Оля замолкает, а я, вспомнив ее испуг при звуке моторов, спрашиваю:
— Досталось вам при отступлении?
Оля прячет лицо на моей груди и разражается плачем. Немного успокоившись, она рассказывает:
—Я не представляла, что это может быть так страшно, когда над головой постоянно гудят самолеты. Чужие самолеты, с крестами на крыльях. Весь день бомбы, пули, снаряды… Мы едем, а они гоняются за каждой машиной. Вся дорога до Бобруйска — это сплошной гул моторов, вой бомб и свист пуль. Вдоль дороги — сгоревшие машины и убитые, много убитых. Хоронить некому и некогда. Прыгаешь в кювет и падаешь на мертвое тело. Я всю дорогу тряслась и ревела как маленькая. Успокаивалась только со скальпелем в руке, у операционного стола.
А однажды я и у стола не могла успокоиться. В этот день мы увидели наш самолет. Это был такой же точно, как твой. Я еще в Москве его запомнила. Только у него не было молний и головы лося. Но я не знала, что у вас такие рисунки, и мне показалось, что это именно ты прилетел ко мне на помощь, и обрадовалась. Даже закричала: “Дай им, Андрей! Дай как следует!” И он дал. Но он был один, а их — пять. Одного он сбил, другого поджег, и тот улетел. Но остальные трое буквально растерзали его. Он упал в ста метрах от дороги. Мы не могли даже подойти к нему, так жарко он горел…
Оля прерывает рассказ и осыпает меня поцелуями, приговаривая сквозь слезы:
— Понимаешь… я думала, что… что это — ты… ты там горишь… у меня до сих пор… тот костер… когда я получила… твое письмо… я как снова родилась…
Я успокаиваю Олю, как могу: шепчу ей что-то на ухо, глажу плечи, грудь, покрываю ее шею поцелуями. Она успокаивается, только когда я начинаю проделывать все это активнее. Тогда она сама крепко обнимает меня, и мы снова отдаемся во власть любви.
Когда мы, отдыхая, лежим обнявшись, Оля шепотом продолжает рассказывать:
— В тот день я ревела, как никогда в жизни. Я не могла заставить себя успокоиться даже тогда, когда ночью, в каком-то поселке, мы развернули палатки и стали оперировать раненых. Дрожь в руках уняла, а слезы — нет. Представляешь, стою за столом, а слезы капают. Костя увидел это и наорал на меня: “Истеричка! Иди, вылакай миску валерьянки и не смей в таком состоянии к столу подходить! Слезы в операционное поле роняешь. Ты же человека разрезала, а не куклу!”

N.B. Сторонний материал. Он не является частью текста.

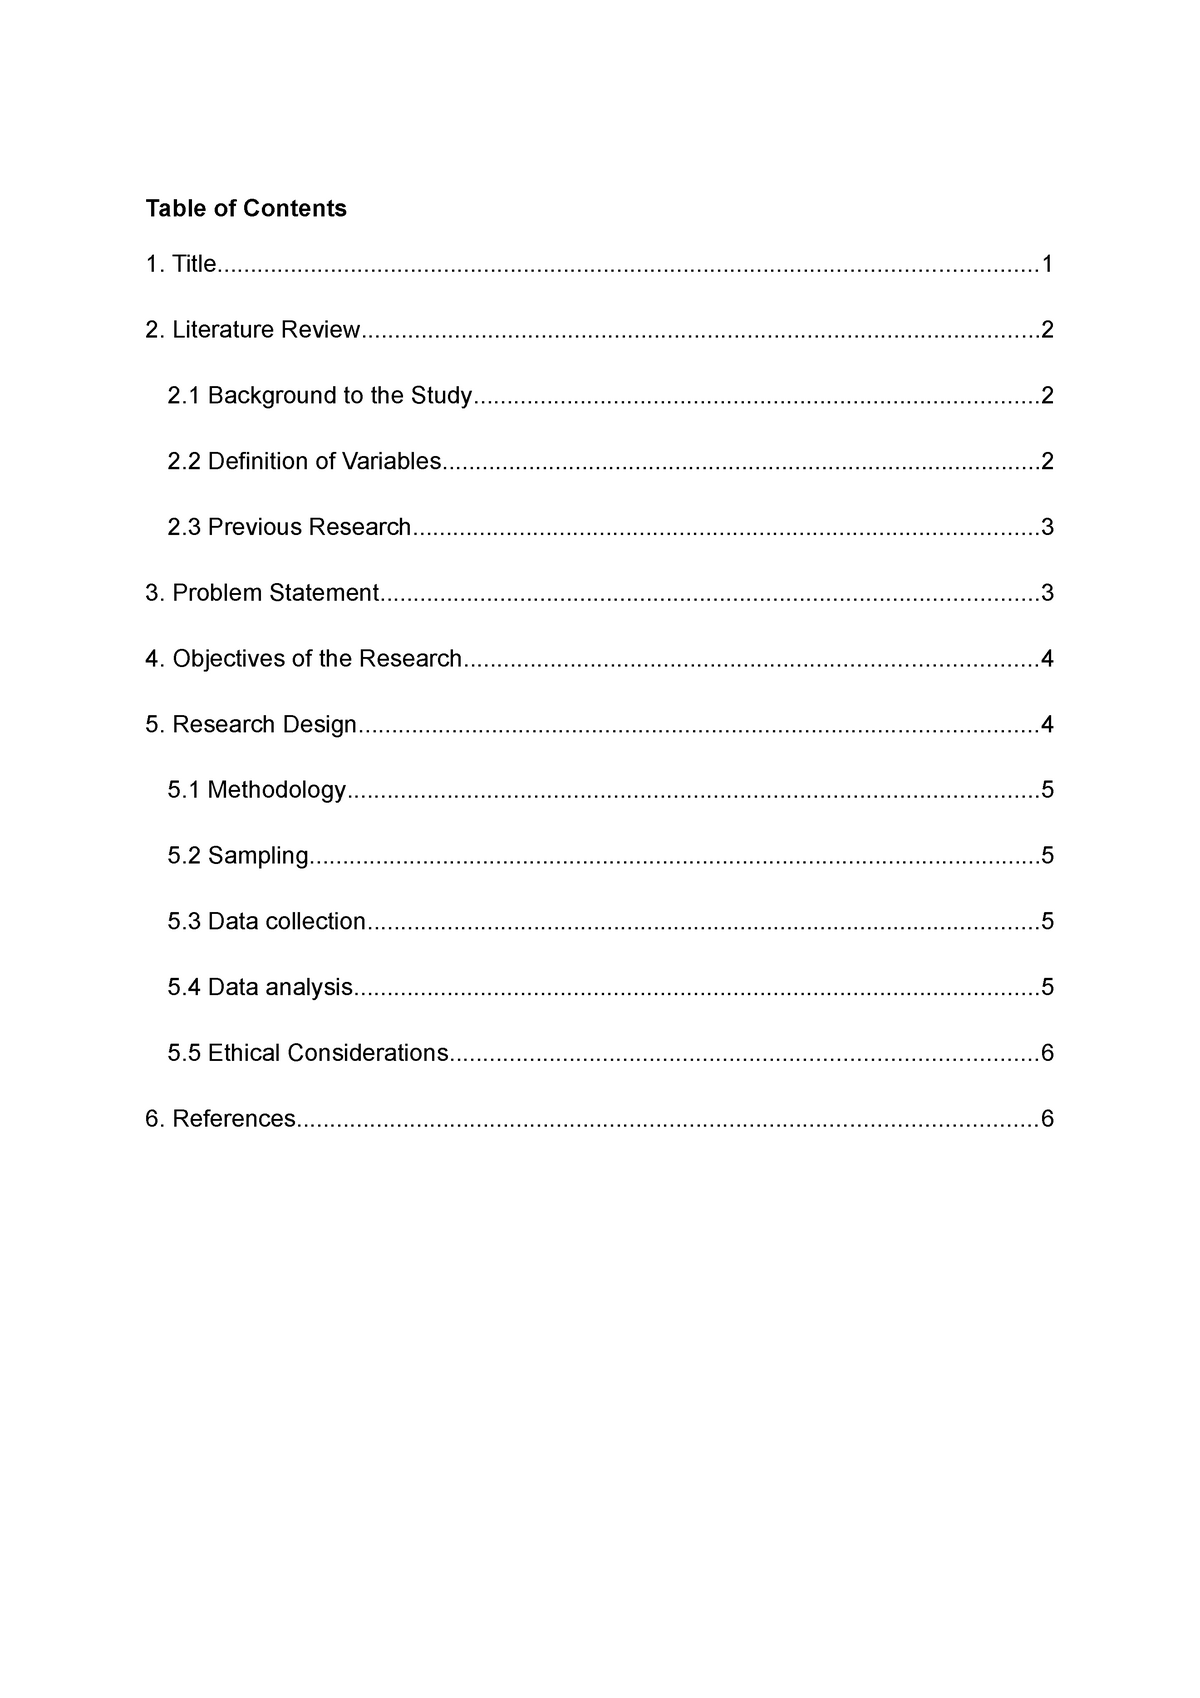 phd research proposal table of contents

— Этот ваш Гучкин, наверное, зануда и бурбон?
— Вот неправда! — Оля даже привстает. — Костя — очень добрый человек и хороший товарищ. Это он только вид строгий на себя напускает. Знаешь, неделю назад я измоталась настолько, что чуть не отключилась во время операции. Ноги подкосились, перед глазами все поплыло. Как он успел заметить и подскочить ко мне? Он подхватил меня, унес в ординаторскую, напоил чаем и укрыл шинелью. А сам доделал все то, что у меня оставалось. Утром он где-то раздобыл кофе и заставил меня выпить две кружки. Потом откуда-то притащил курицу, сам ее сварил и скормил мне. А на самого смотреть страшно: худой стал как палка, глаза ввалились, нос, что у Буратино. Знаешь, он всегда бреется сидя. Однажды он заснул, выбрив только правую щеку. Так он до сих пор не знает, что это я добрила его до конца, уже спящего. А знаешь, какой он замечательный хирург! Про таких говорят: “От бога!”
— Ну, про тебя мне в госпитале тоже много хорошего наговорили.
— Куда мне до него! Костя такие чудеса творит!
—Хватит расхваливать своего Костю, а то я приревную.
— Ревнуешь — значит, любишь. А ты не ревнуй, а лучше приласкай меня.
Оля ловит мои руки и кладет одну на грудь, другую между бедер, закрывает глаза и целует меня в губы долгим страстным поцелуем.
Когда мы окончательно успокаиваемся, я смотрю на часы. Уже второй час. Как быстро пролетело время!
— Пора, Оля, — говорю я и подтягиваю к себе комбинезон.
—Уже?
Я молча киваю и начинаю одеваться. Оля вздыхает и тоже одевается. Одевшись, мы очищаем друг друга от клочков сена и идем к аэродрому.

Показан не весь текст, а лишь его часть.